Я, продолжая вопить, оглядывалась по сторонам – интересно все-таки, куда это я попала? Какая-то комната, выкрашенная в бледно-салатовый с голубоватым оттенком цвет; сквозь замазанное белой краской окно сверху, просачиваясь, врывается солнечный свет. Напротив, на стене – круглые часы показывают 13.45. «Значит, время снова существует, – промелькнуло у меня в голове. – Стало быть, я опять попала туда же, откуда пришла!» На кресле полулежала симпатичная девушка с измученным бледным лицом. Ба! Да это ж мамочка моя!
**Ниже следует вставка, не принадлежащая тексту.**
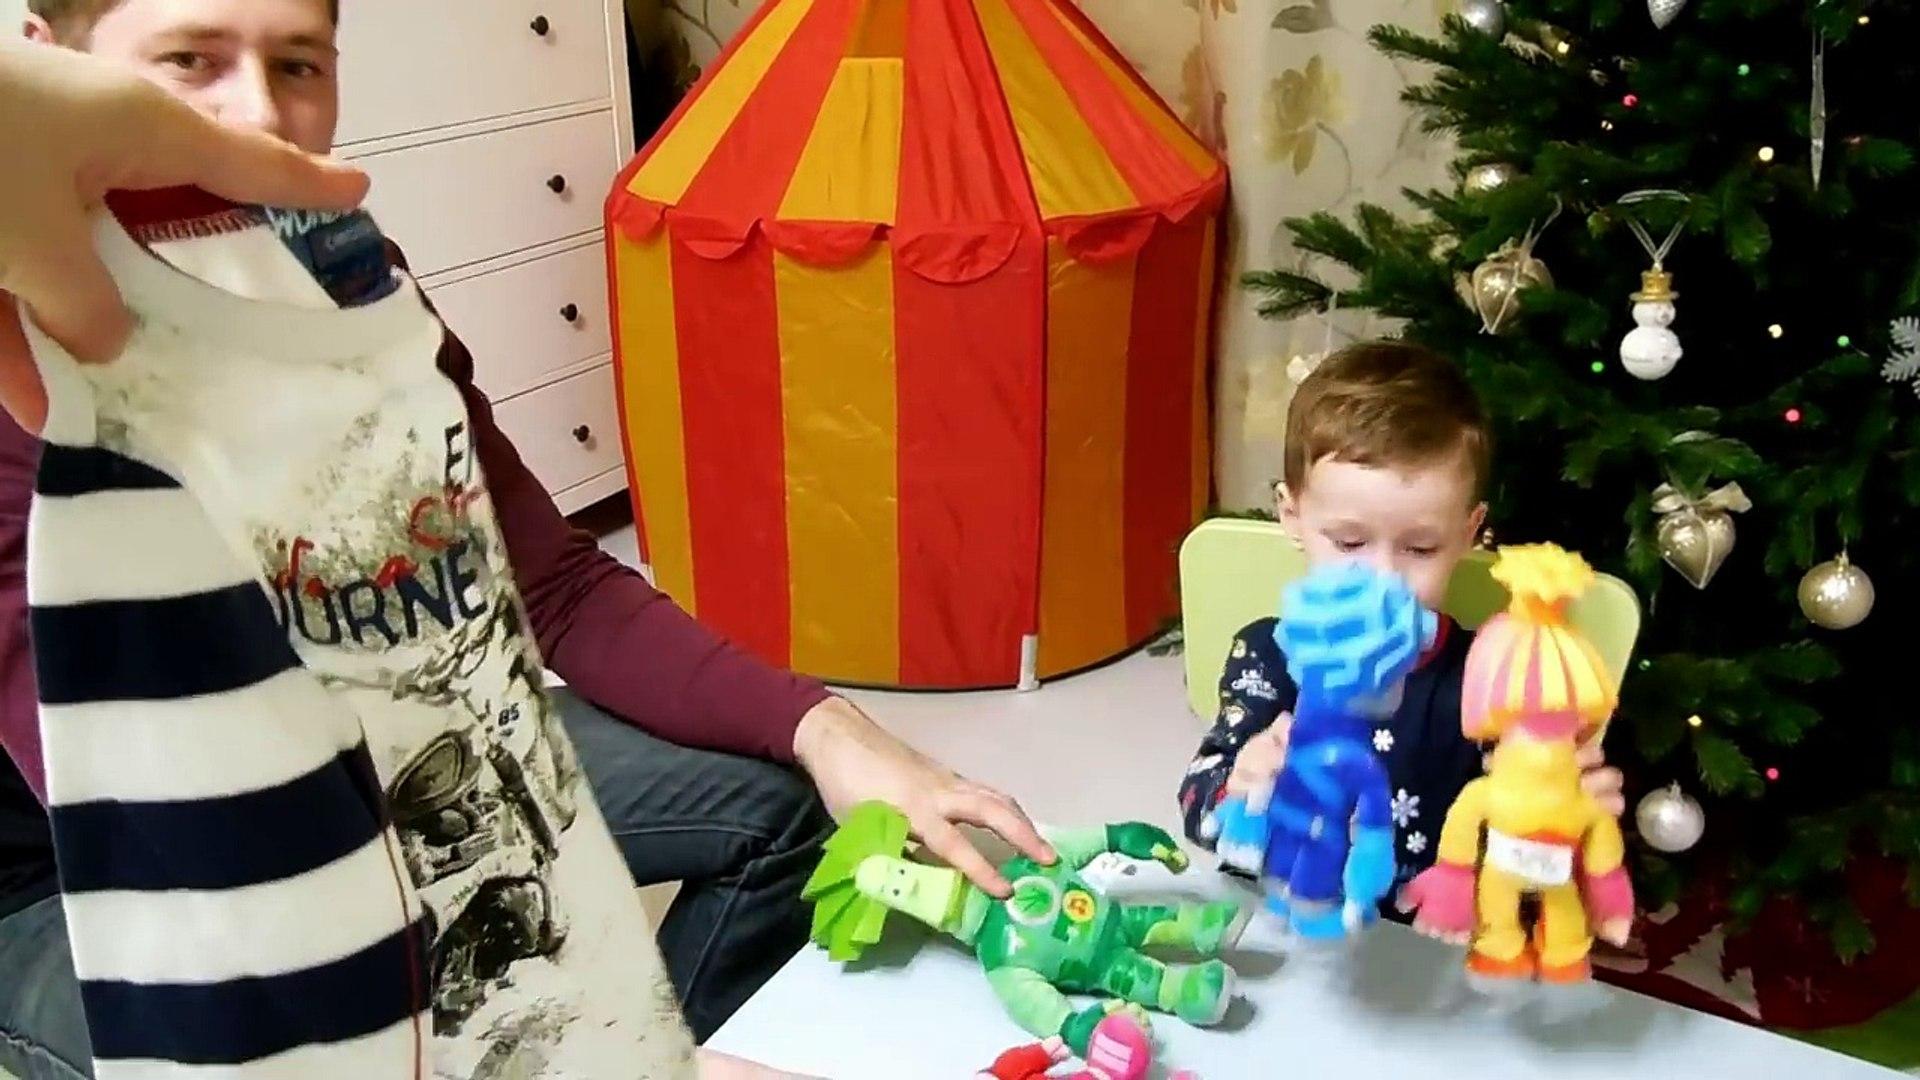 VLOG: 31 декабря / Встречаем Новый Год 2016 / Подарки под елкой, застолье

– Не хочу оставаться тут! Мама! Роди меня обратно! В туннель! Там нет времени, там спокойно, там есть к чему стремиться! Не желаю снова бегать по кругу, как белка в колесе! – кричала я, но на это мое требование никто не отреагировал – окружающие вообще не слышали, казалось, ничего, кроме моих невразумительных сигнализационных воплей.
Кончилось все тем, что меня, будто деревянное поленце, запеленали и положили рядом с точно такими же «поленцами», предварительно прицепив по рыжей клеенчатой бирке на ногу и на руку, подписанные «Матрена Перепелкина». Но это только на первый взгляд все младенцы, что лежали и горланили от голода, были такими же, как я. Совсем нет! И вообще, может, они вовсе не есть хотели, а со мной желали познакомиться, потому что я коренным образом отличалась от остальных грудничков – я среди них была единственной представительницей женского пола.
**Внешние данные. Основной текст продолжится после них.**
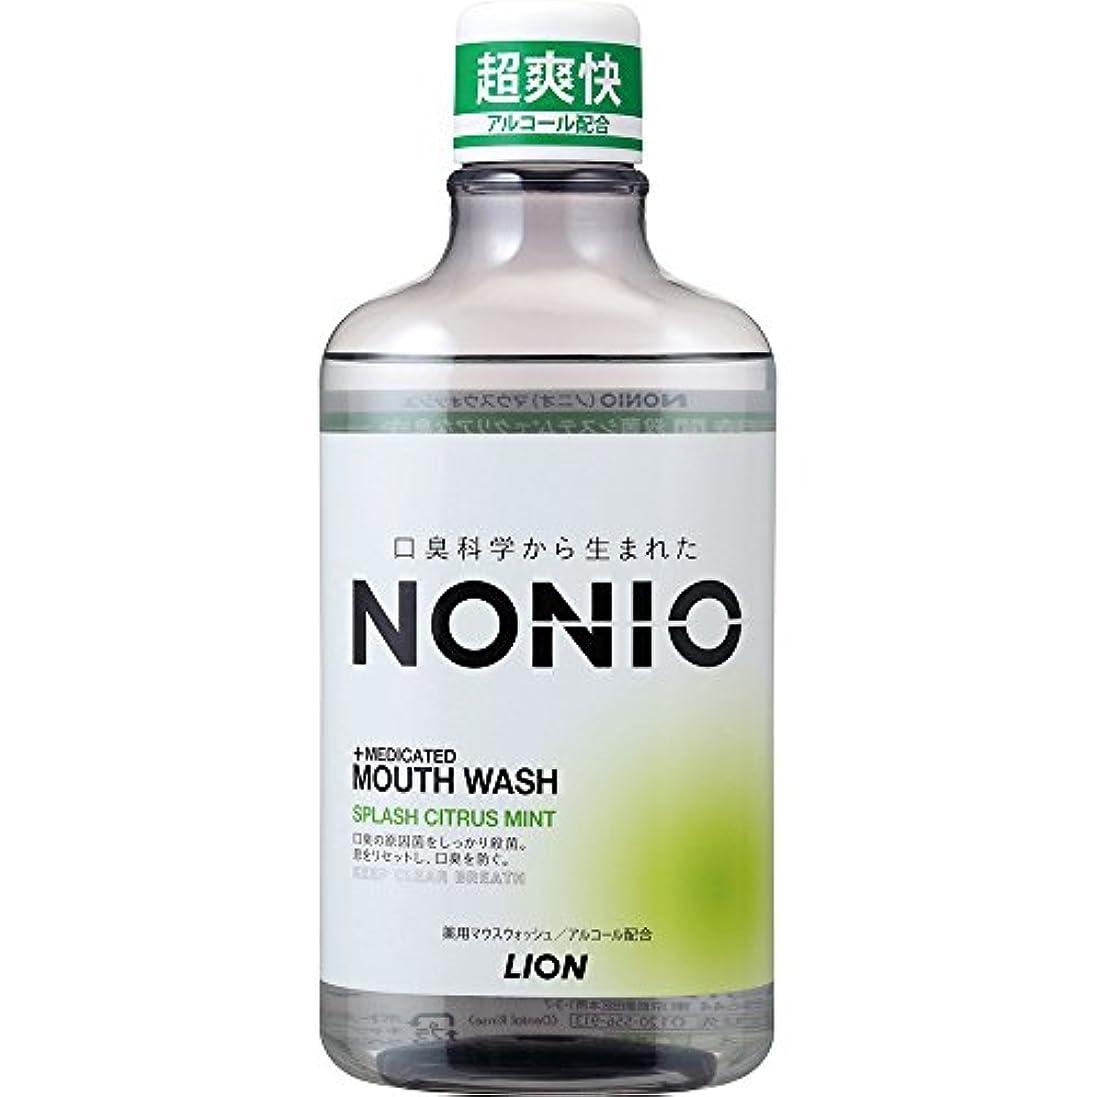 メールナビゲーション変化する[医薬部外品]NONIO マウスウォッシュ スプラッシュシトラスミント 600ml 洗口液

«Ничего не понимаю! Мне что, придется прожить собственную жизнь во второй раз? Это и есть загробная тайна?» – поразилась я и вдруг увидела, что малыш, лежащий слева, смотрит на меня голубыми глазами, не моргая. Думает, я приду в восторг от цвета его глаз!
– Да у всех младенцев в первые недели глаза голубые! – сказала я ему, и он горько заплакал.
Несомненно, все это уже было в моей прошлой жизни – маму мою действительно зовут Матрена Ивановна, а фамилия у нее тогда была Перепелкина, и она мне раз сто рассказывала, что я в палате была единственной девочкой – остальные семь младенцев были мужеского пола. И что однажды меня с кем-то перепутали, и ей принесли кормить парня.
– Я сразу почувствовала – что-то тут не так! – говорила мама. – Запах какой-то не твой, и в грудь как вцепится! Ну, настоящий мужик!
«Вот где нужно свою судьбу устраивать! Вокруг семь настоящих мужиков, смотрят на меня, аж шеи свернули, есть просить перестали, а я случаем не пользуюсь – в той жизни всех проворонила, теперь надо быть умнее!» – решила я, однако привлечь внимание сильного пола не так-то легко, когда ты закутана в пеленки с головы до пят, словно гусеница в кокон. Единственное, что мне удалось сделать, так это примириться с соседом слева, и в знак глубочайшего своего расположения к нему я подмигнула, словно давая знать – мол, ты мне тут больше всех нравишься.
Потом повернулась к кавалеру справа и моргнула ему другим глазом, сказав при этом:
– Если живешь по соседству, вместе будем в колясках прогуливаться, – и назначила ему свидание ровно через месяц и десять дней во дворе у второго подъезда в два часа дня, ибо я знала, что именно в этот день и час родительница моя решит впервые выгулять свое чадо. Но, кажется, этот крикливый петух ничего не понял – он таращился на меня с минуту, а потом вдруг как зальется!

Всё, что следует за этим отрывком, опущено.